DATA:
····················
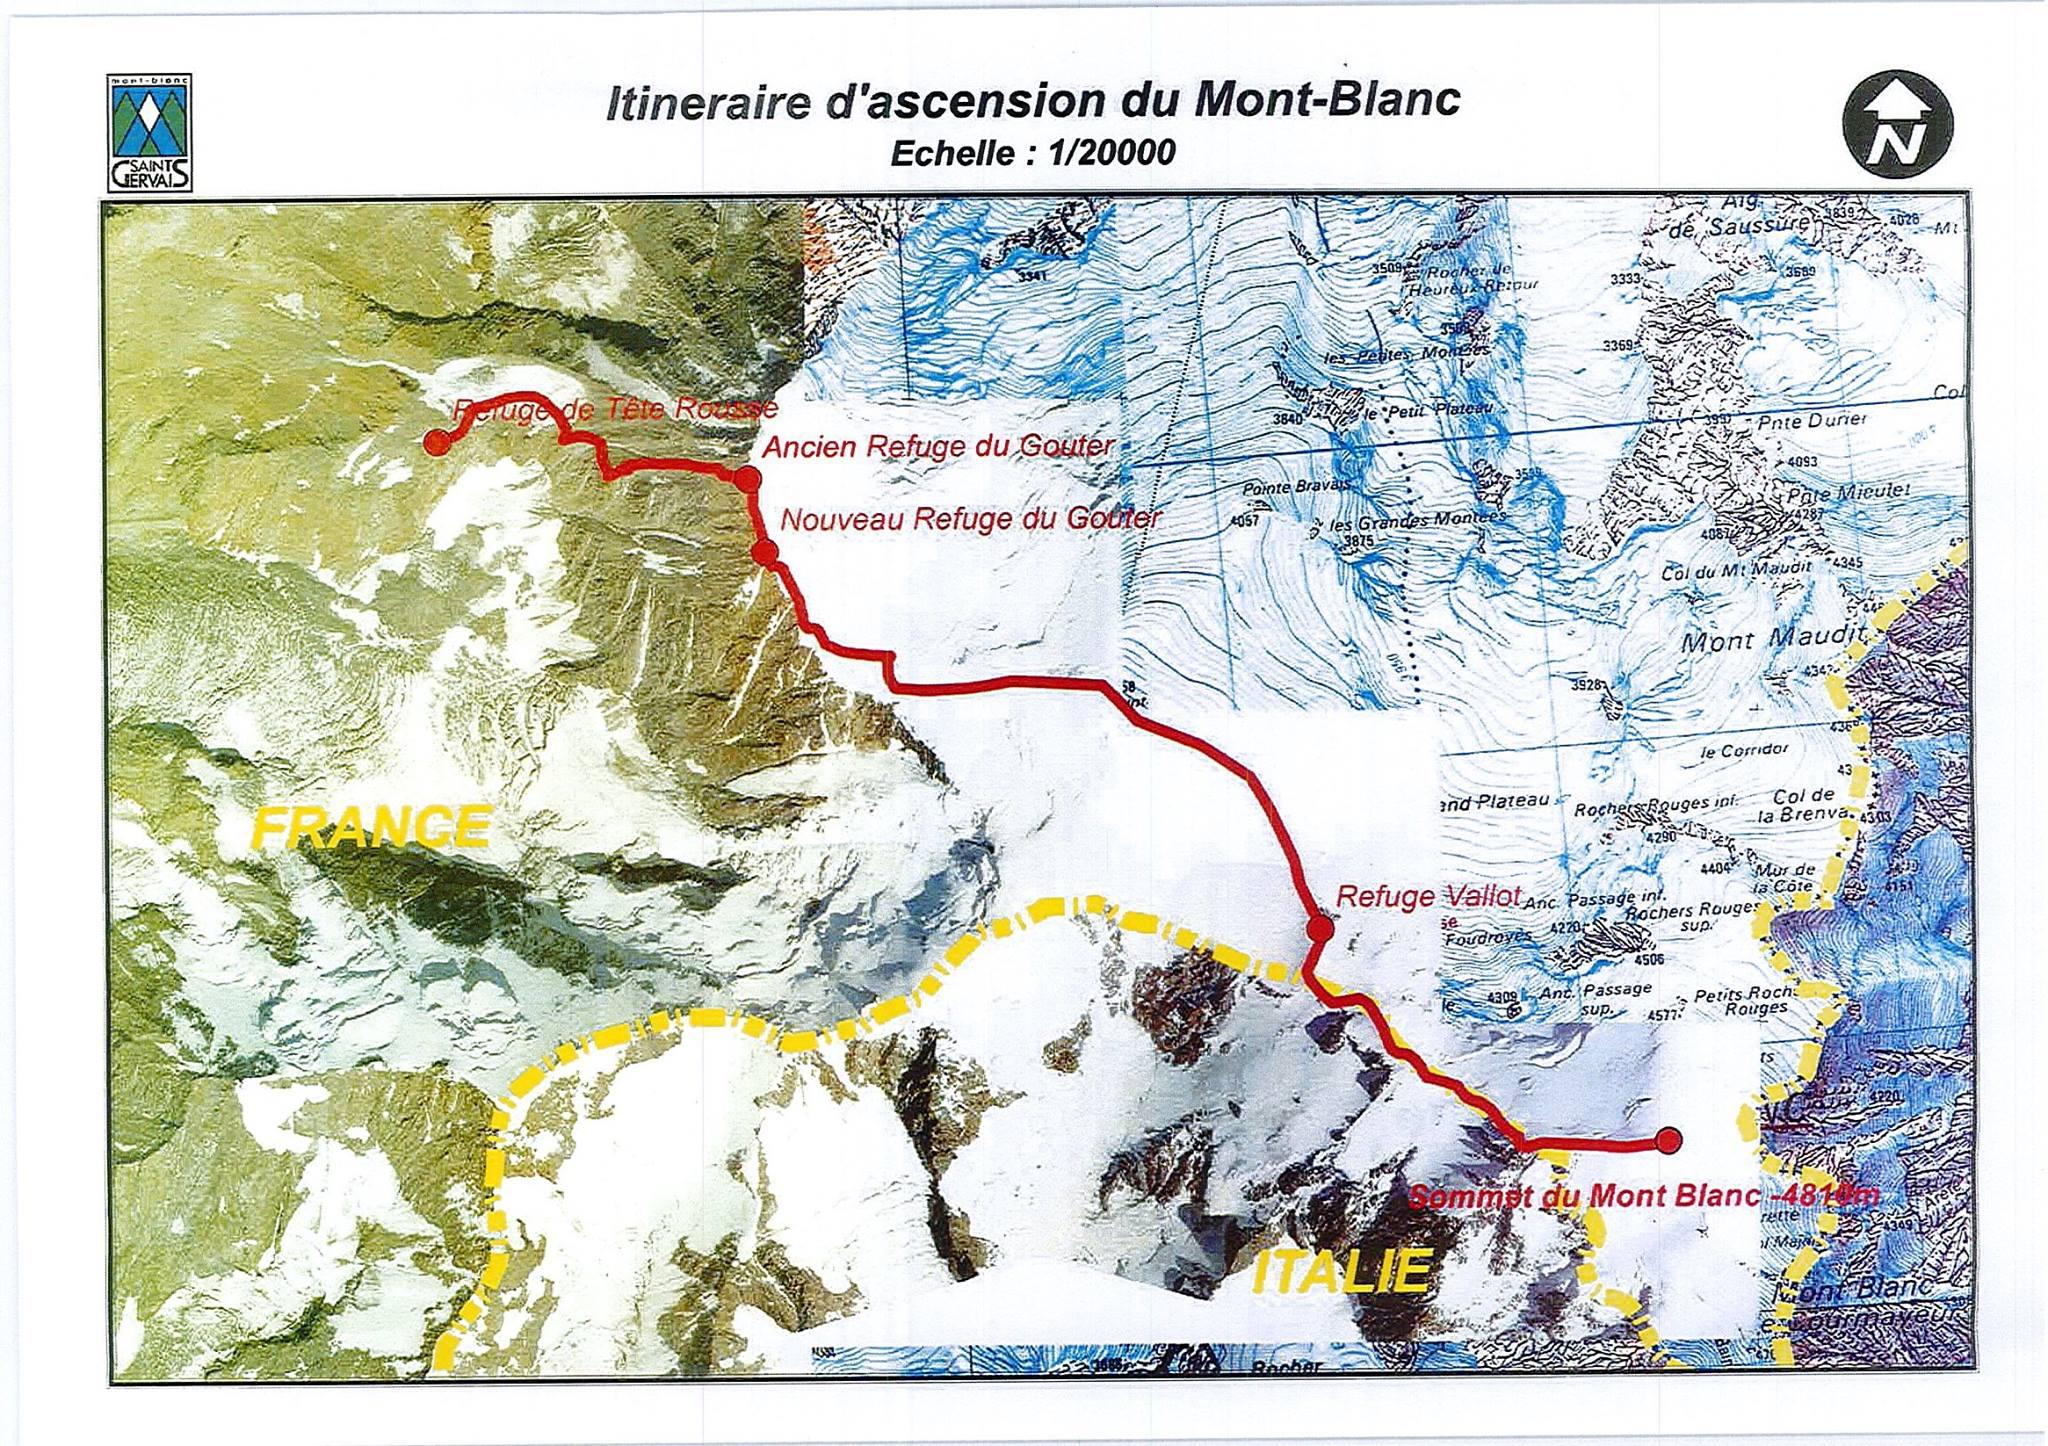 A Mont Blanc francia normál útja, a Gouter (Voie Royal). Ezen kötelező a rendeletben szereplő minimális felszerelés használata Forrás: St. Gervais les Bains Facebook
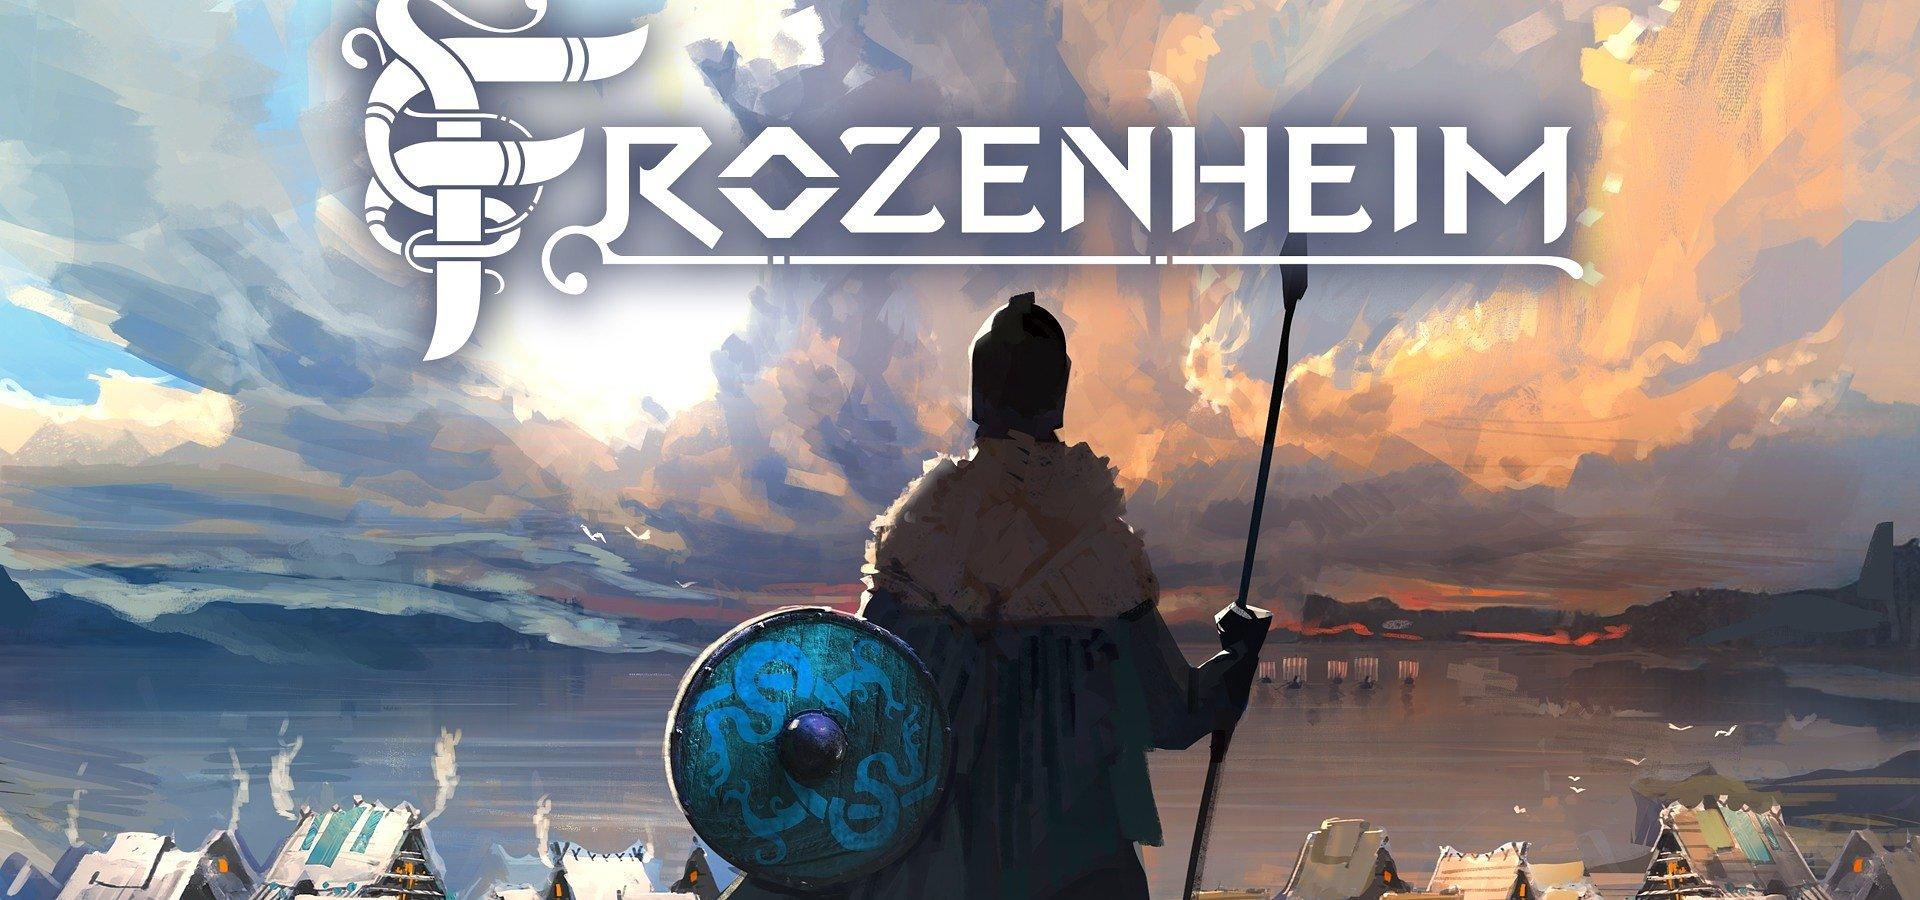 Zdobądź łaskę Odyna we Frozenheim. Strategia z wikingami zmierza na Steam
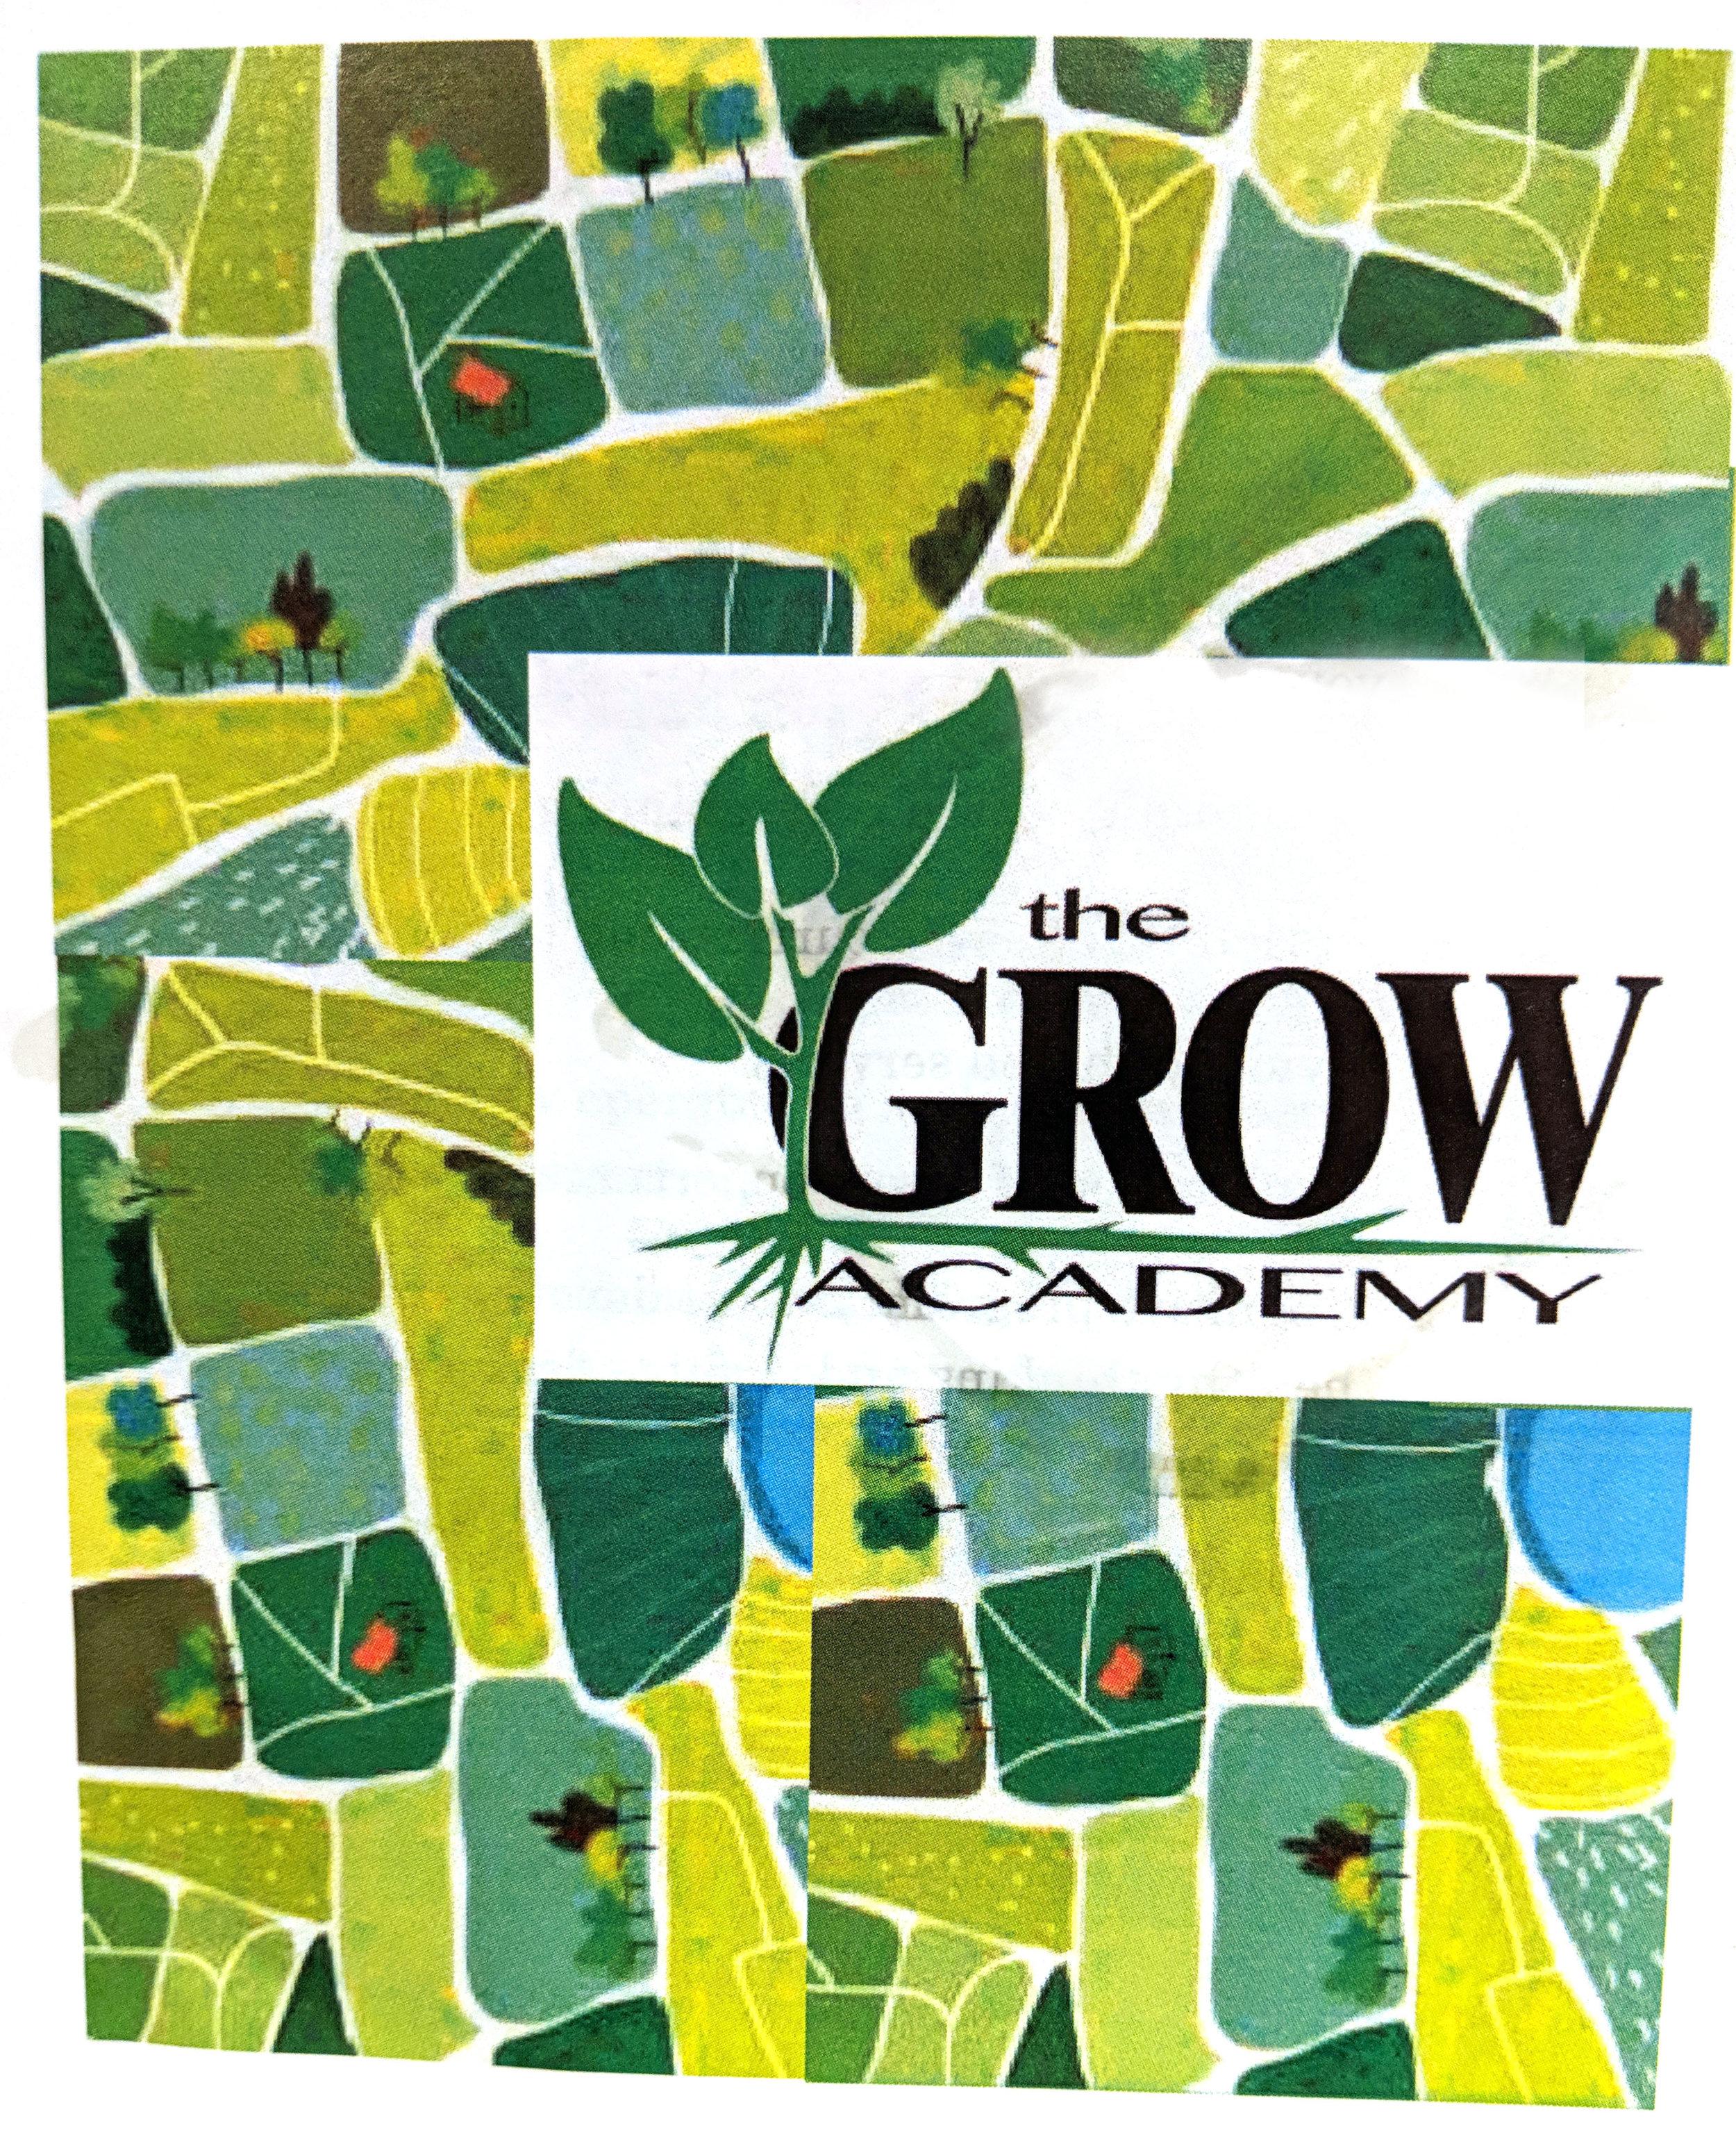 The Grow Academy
····················
EXERCISE AIM: Please print the line that contains "Zdobądź łaskę Odyna" along with every later line of the material, exactly, through the last one. Leave pictures out of the copy.

ANSWER FOR THE TASK:
 Zdobądź łaskę Odyna we Frozenheim. Strategia z wikingami zmierza na Steam
 The Grow Academy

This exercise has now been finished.